The network was trained on an extended dataset that contained the images of nanoparticles from SimulationC and the new nanoparticles on a silicon support. It was denoted as “SimulationC+Si”. For two classes, this network showed a much higher accuracy of 98.7% on the test dataset than the network SimulationC. The accuracy of the network on experimental HRTEM images was also strongly enhanced with 89.3% (Table 3). Obviously, the inclusion of images with stronger amorphous background signals improved the network performance on experimental HRTEM images by generating a more realistic simulation of the level of disturbing background signal.
Class | Simulation test dataset | Experimental test dataset | ||||
---|---|---|---|---|---|---|
Accuracy [%] | Precision [%] | Recall [%] | Accuracy [%] | Precision [%] | Recall [%] | |
Amorphous | 98.7 | 98.0 | 99.3 | 89.3 | 78.6 | 93.9 |
Crystalline | 99.4 | 98.1 | 96.6 | 87.1 |
To extend this approach to three classes, simulations of polycrystalline particles were necessary. The polycrystalline particles were simulated on carbon and silicon supports by stitching together either two or three differently rotated monocrystalline fcc cut-outs (Fig. 6). The crystallographic orientation of the domains was not considered. The network trained on this dataset is denoted as “Poly” in the following. This network reached an accuracy of 96.3% on the simulation test dataset for three classes. As might have been expected, errors were mainly made in the distinction between polycrystalline and monocrystalline particles. This was also found with experimental HRTEM test images where the network achieved an accuracy of 78.0%. The main error occurred for polycrystalline particles that were wrongly labelled as monocrystalline, leading to a low precision score of 48.9% for the class monocrystalline (Table 4). After classifications with a low certainty of assignment (<80%) were excluded and categorized as undefined, the accuracy increased to 85.4% and the precision for the class monocrystalline increased to 63.2%. However, this put many particles into the non-assignable category “unknown”. Further errors occurred in the class polycrystalline as shown in the confusion matrix (Fig. 7). The deletion of all classifications with a certainty of assignment below 80% left 19.3% of all particles in the manually labelled dataset categorized as unknown, an acceptable small fraction given that much larger datasets can be evaluated with our automated approach.
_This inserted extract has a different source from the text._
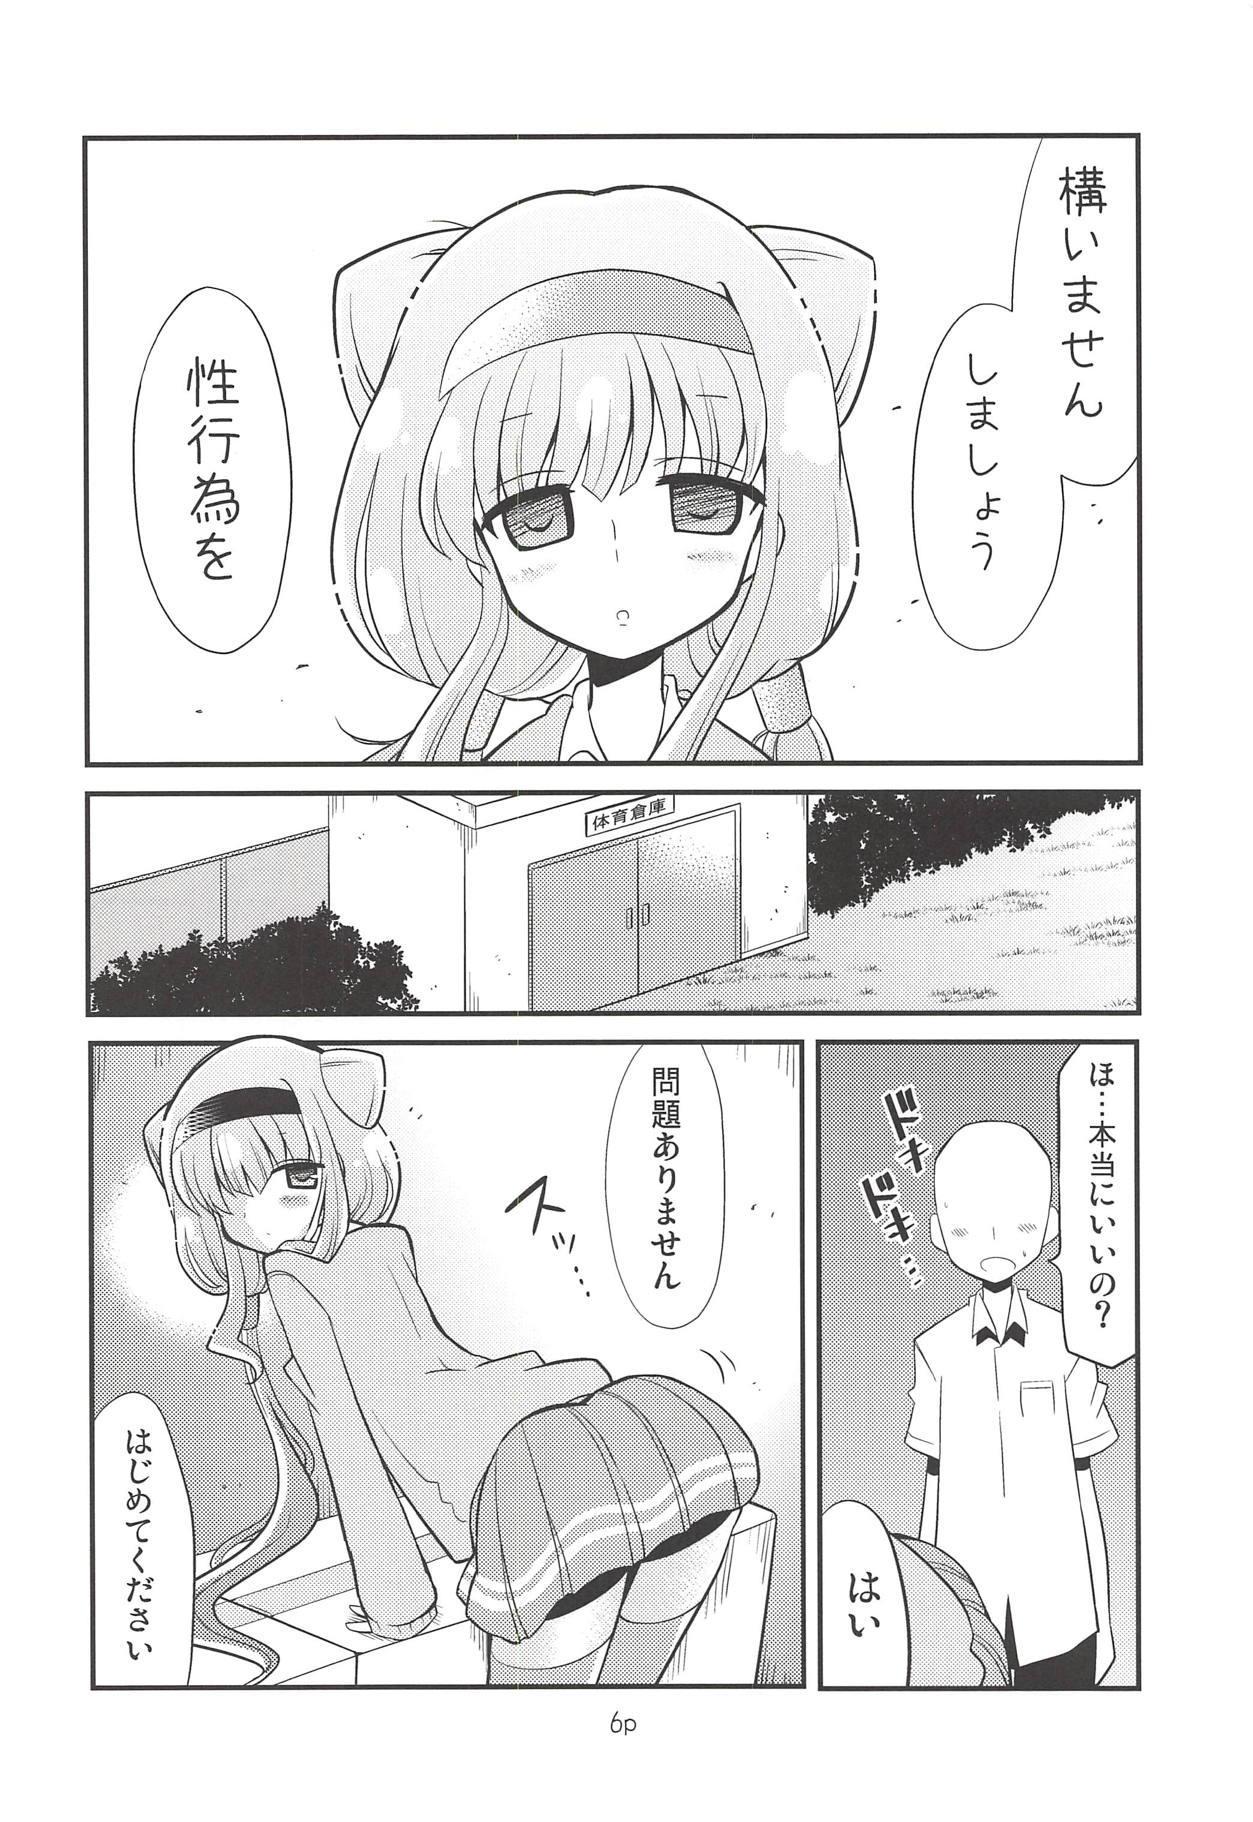 Ruru o Tsukatte Mita 4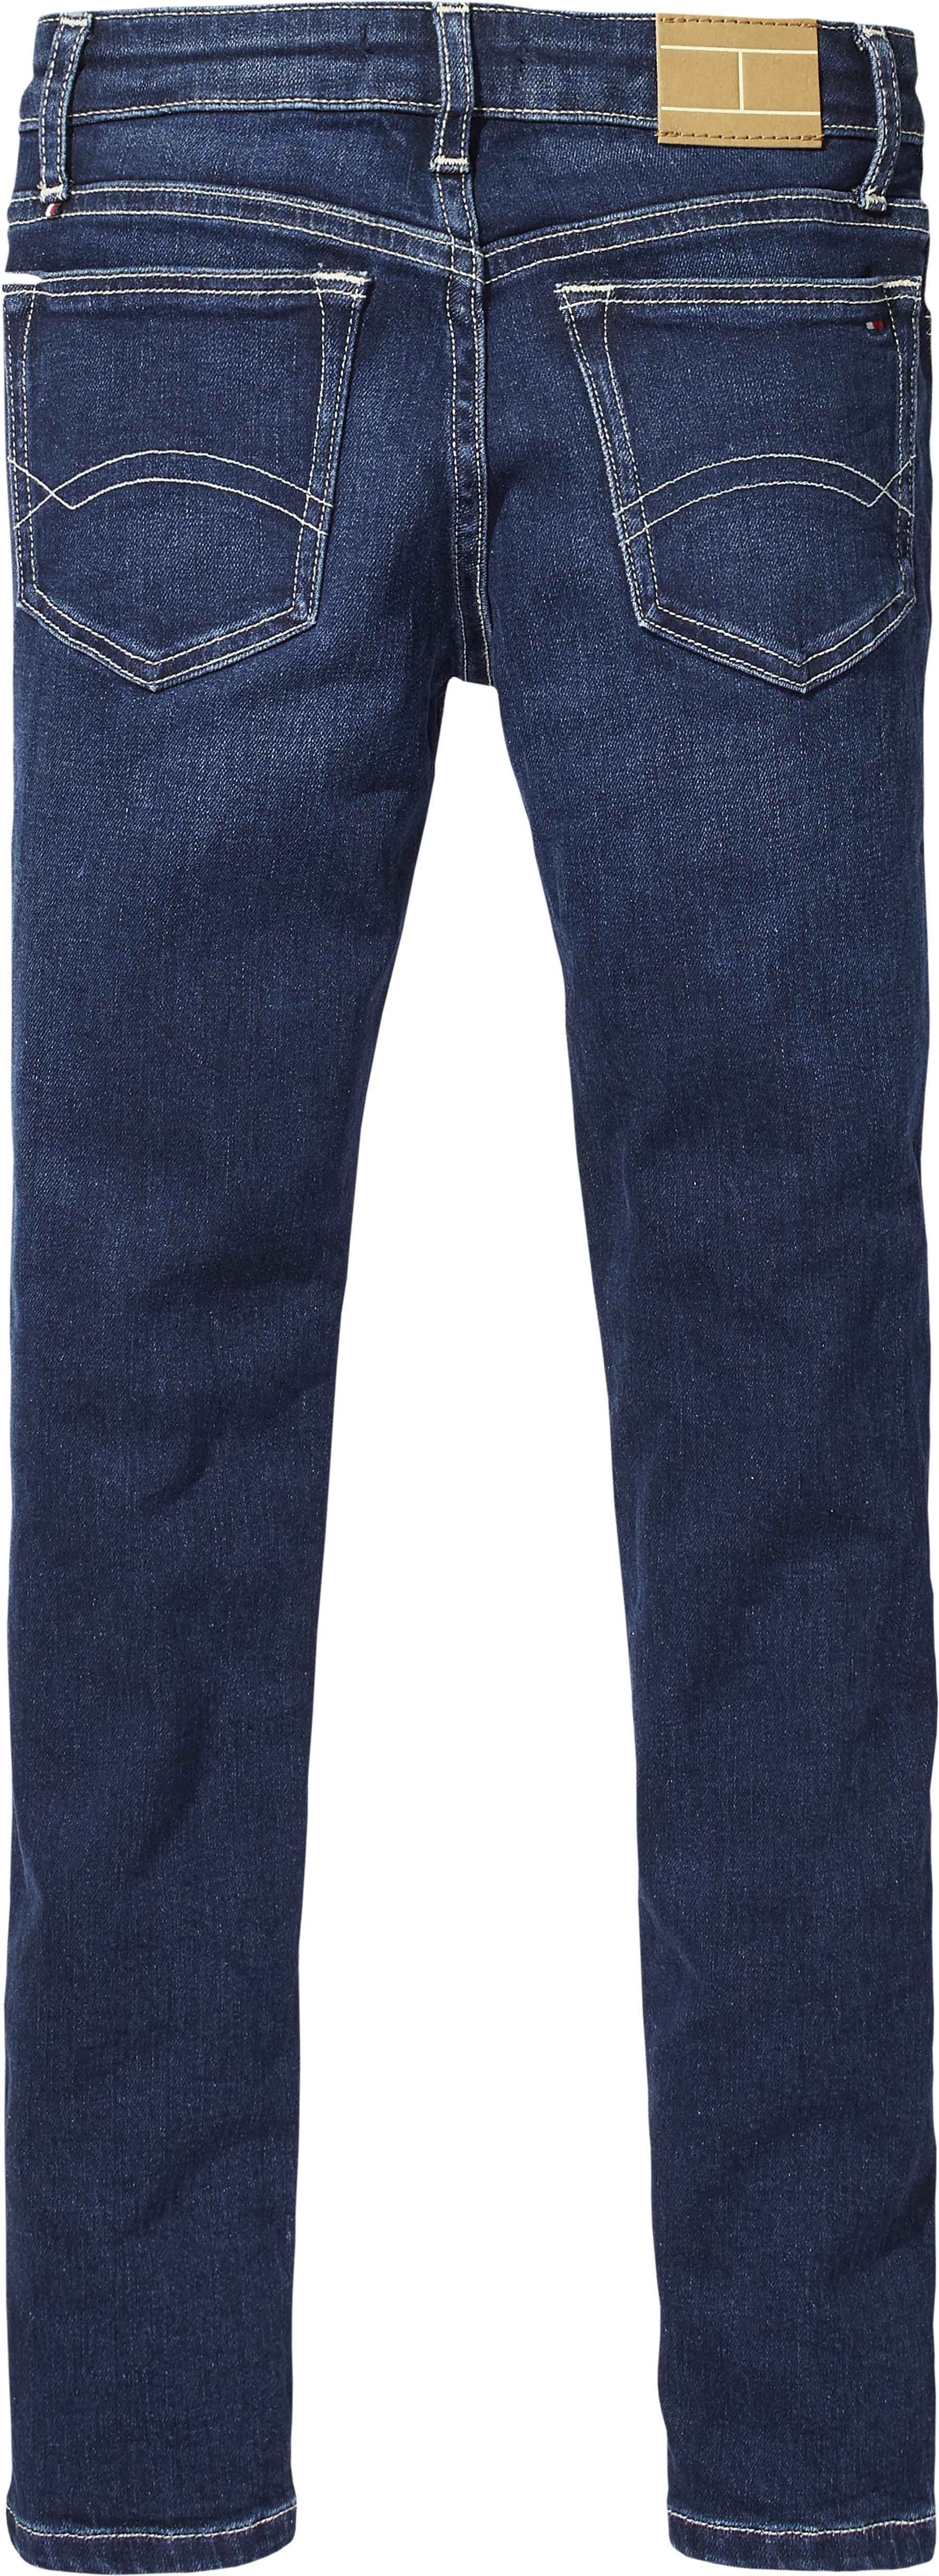 Tommy Hilfiger Nora skinny jeans, mørkeblå, 9 mdr.

Class | Test dataset | Real HRTEM dataset | ||||
---|---|---|---|---|---|---|
Accuracy [%] | Precision [%] | Recall [%] | Accuracy [%] | Precision [%] | Recall [%] | |
Amorphous | 96.3 | 99.7 | 98.2 | 78.0 | 81.3 | 87.9 |
Monocrystalline | 96.4 | 93.0 | 48.9 | 77.7 | ||
Polycrystalline | 94.2 | 97.8 | 92.4 | 71.8 |
Fig. 7 Normalized confusion matrix and performance evaluation metrics for the network “Poly” after omission of all classifications with an accuracy below 80%. |
The classification network “Poly” together with the 80% omission rule was then included into the software package ANTEMA30 to fully analyse particles in HRTEM images in terms of size, shape and structure. Fig. 8 shows a visualization of the combination of particle detection with ANTEMA and the classification by the network trained with the Poly dataset for an image of gold nanoparticles. The ANTEMA software was able to detect the particles, and the classification algorithm classified the nanoparticles based on their crystallinity. The particles at the border of the image were removed by post-processing in the ANTEMA software to avoid incomplete particles. The analysis by the combined programs took only a few seconds, i.e. this approach was much less time intensive than the usual manual analysis. Clearly, the automated analysis gives correct results in most cases. The classification of nanoparticles by size and shape by ANTEMA has been reported earlier.30
Fig. 8 HRTEM image of gold nanoparticles and the combination of the particle detection software ANTEMA30 with the particle classification based on crystallinity as implemented here. The particles were classified as either amorphous, monocrystalline, or polycrystalline. |
It should be emphasized that gold nanoparticles represent a particularly good system for this approach because they have a high electron contrast and do not tend to be oxidized.38 Therefore, this analysis was possible even for the challenging case of ultrasmall nanoparticles (1–3 nm). This approach will become easier for larger particles (like plasmonic particles), but more difficult for metal particles of lighter elements like silver or the light platinum metals. This is due to the decreasing contrast from these lighter elements that makes the identification of a crystal lattice difficult or even impossible in the ultrasmall particle size range.26–28
In principle, it is also possible to analyse crystalline nanoparticles by 2D-Fourier Transformation (2D-FT). This has been demonstrated by Zhu et al.39 who have applied this method to 7 nm iron oxide nanoparticles. However, the contrast of ultrasmall nanoparticles analysed here is much lower, therefore the analysis will be much more difficult. Furthermore, this is just another method of image analysis, based on training the neural network with 2D-FT images. Therefore, we do not expect a major difference to real-space training as performed here, but this can only be shown in a strict comparison of both methods. It is also an open question how this approach would work on twinned particles that consist of more than one crystalline domain. The current algorithm was designed to cut out individual particles from the image by segmentation. If such a cut-out particle would consist of more than one crystalline domain, Fourier transformation would give erroneous results.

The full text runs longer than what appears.